Saturday, February 25, 2012

The 5 Love Languages

Words of Affirmation
Actions do not always speak louder than words. If this is your love language, unsolicited compliments mean the world to you. Hearing the words, “I love you,” are important—hearing the reasons behind that love sends your spirits skyward. Insults can leave you shattered and are not easily forgotten.

Quality Time
In the vernacular of Quality Time, nothing says, “I love you,” like full, undivided attention. Being there for this type of person is critical, but really being there—with the TV off, fork and knife down, and all chores and tasks on standby—makes your significant other feel truly special and loved. Distractions, postponed dates, or the failure to listen can be especially hurtful.

Receiving Gifts
Do not mistake this love language for materialism; the receiver of gifts thrives on the love, thoughtfulness, and effort behind the gift. If you speak this language, the perfect gift or gesture shows that you are known, you are cared for, and you are prized above whatever was sacrificed to bring the gift to you. A missed birthday, anniversary, or a hasty, thoughtless gift would be disastrous—so would the absence of everyday gestures.

Acts of Service
Can vacuuming the floors really be an expression of love? Absolutely! Anything you do to ease the burden of responsibilities weighing on an “Acts of Service” person will speak volumes. The words he or she most want to hear: “Let me do that for you.” Laziness, broken commitments, and making more work for them tell speakers of this language their feelings don’t matter.

Physical Touch
This language isn’t all about the bedroom. A person whose primary language is Physical Touch is, not surprisingly, very touchy. Hugs, pats on the back, holding hands, and thoughtful touches on the arm, shoulder, or face—they can all be ways to show excitement, concern, care, and love.

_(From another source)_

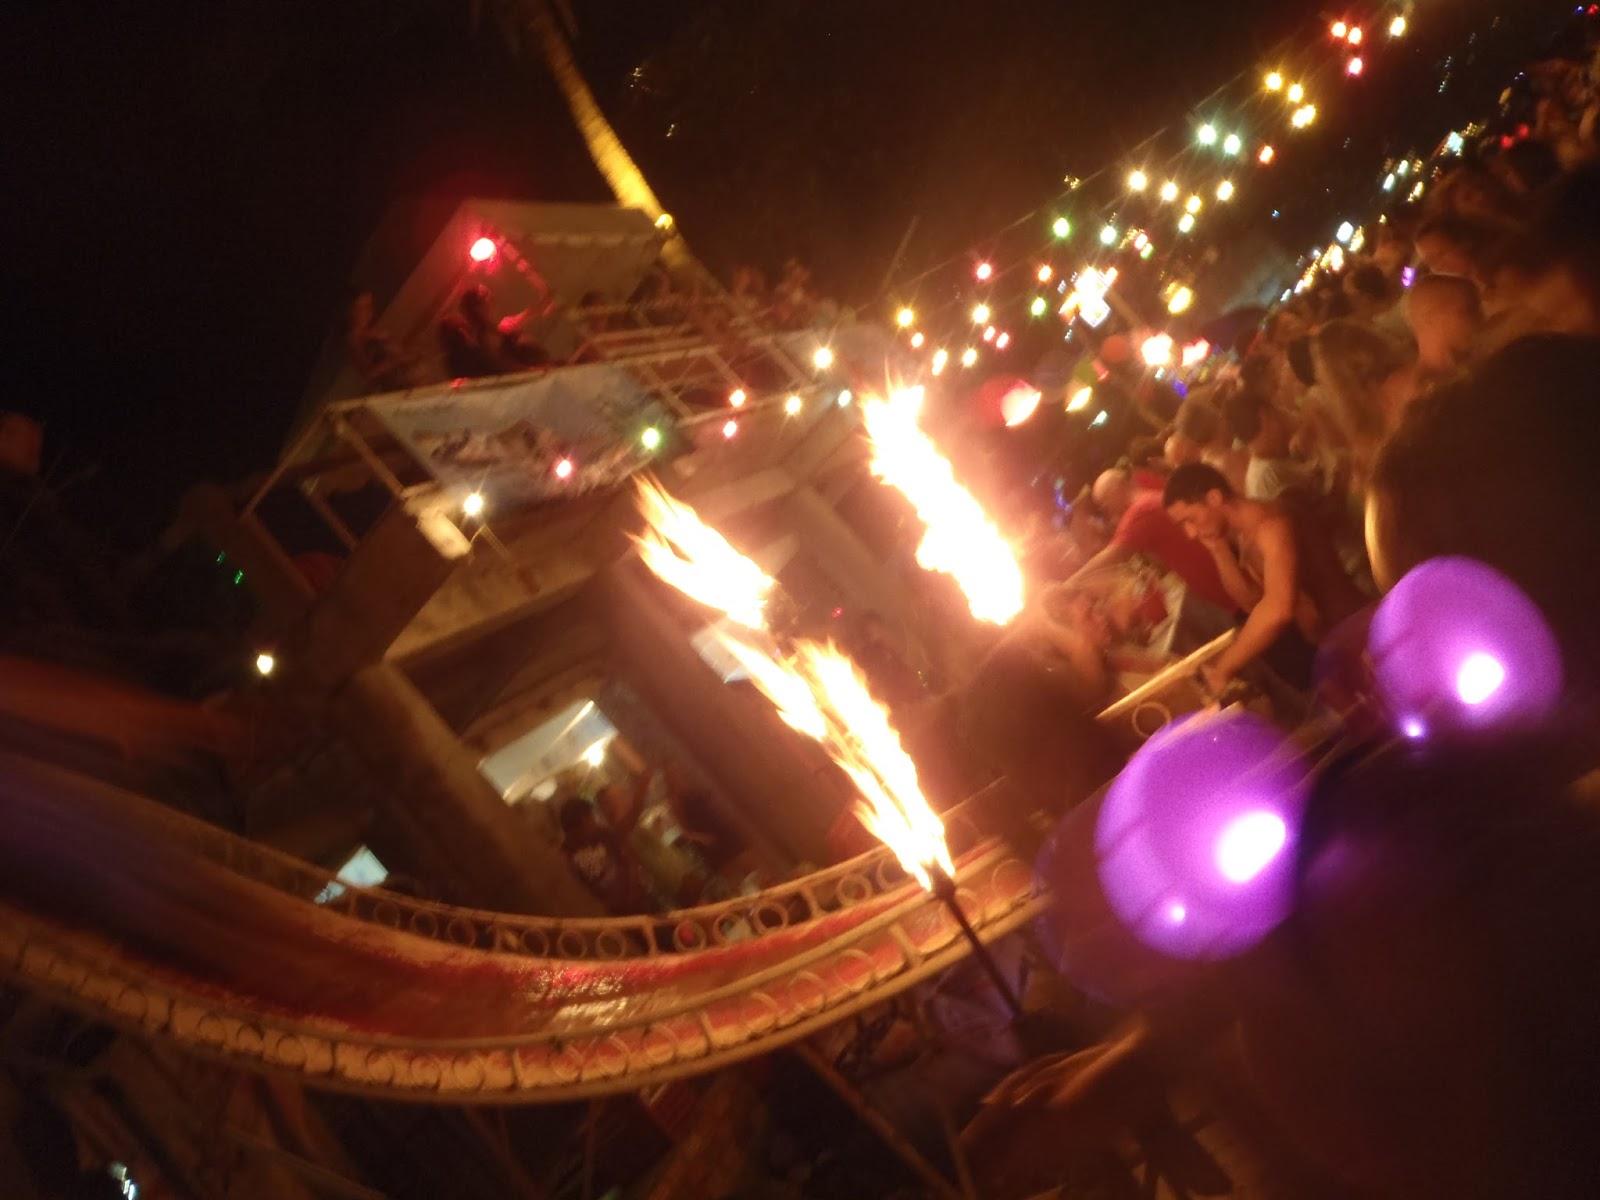 Ko Pha Ngan Thailand Full Moon Party Fire Slide

Physical presence and accessibility are crucial, while neglect or abuse can be unforgivable and destructive.

Tuesday, September 13, 2011

Stupidity

It's a moody day...
I felt so dumb, so stupid.
I have been lied by you for the first time and I have forgiven you,
you promised me that you will never repeat it again.
Now you did the same thing again...
It's the same lie towards the same problem!!!
How come I'll give you another chance that time?
What happened to me?
Why you promised me and you still want to repeat it once again?!
Can you please stop telling lies?!

YOU DISAPPOINT ME & HURT ME DEEPLY!!!!!!
T_T

Friday, April 22, 2011

What Can I Do

What happened to you recently?
You changed?
Why do you want to do so?
Are you trying to lie to me or hiding something?
Or ........... any other reasons...
Tell me!!!
Please make everything clear
so that I will not misunderstand you & anyhow piss you off!

You are messing up my life!!!
I don't know what are you thinking...
Sometimes you are just so good but sometimes you just don't even bother...
I'm so miserable...
I got to guess this & that everyday...
If I ask you, you will be like answering unwillingly...
Then how am I suppose to know or understand???

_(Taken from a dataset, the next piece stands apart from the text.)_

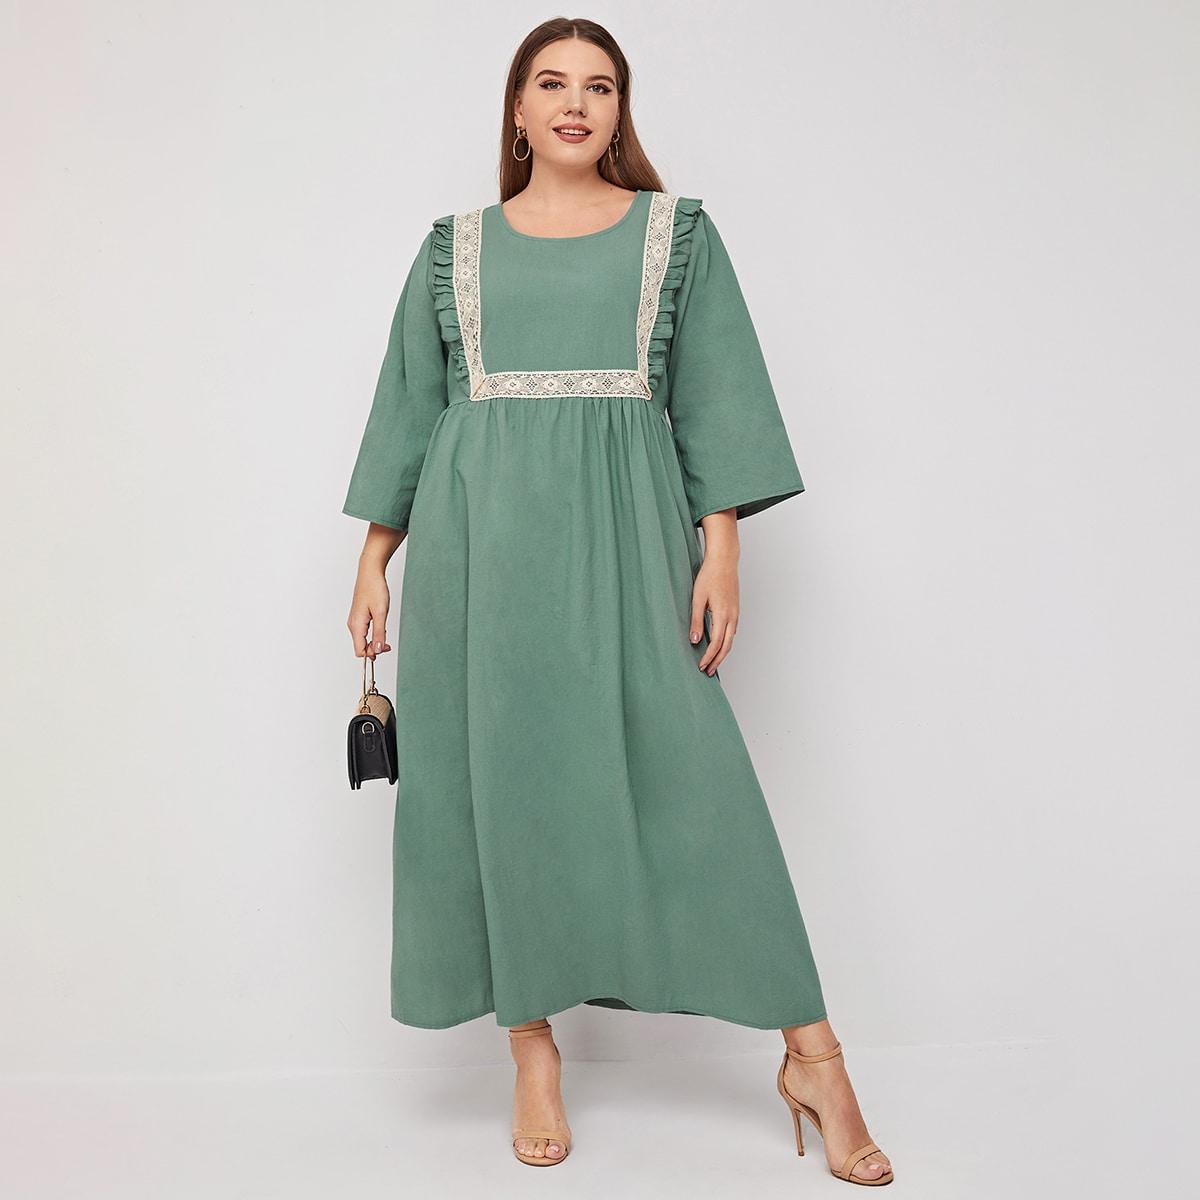 Контрастные кружева Контрастный цвет Скромный Платья размер плюс

WHAT CAN I DO?!!!!!!!!!!!!!!!!!!!!!!
T_T

Friday, March 4, 2011

No Idea

I didn't say I love u doesn't mean I don't love u...
I didn't say I miss u doesn't mean I don't miss u...
I didn't say I want u doesn't mean I don't want u...
It's just that I am doing it instead of saying it...

But why all this happening around me recently???

I know I might not be the only one who suffers...
But I just don't understand...
Why can't we stop being like this?

This is super duper hurt...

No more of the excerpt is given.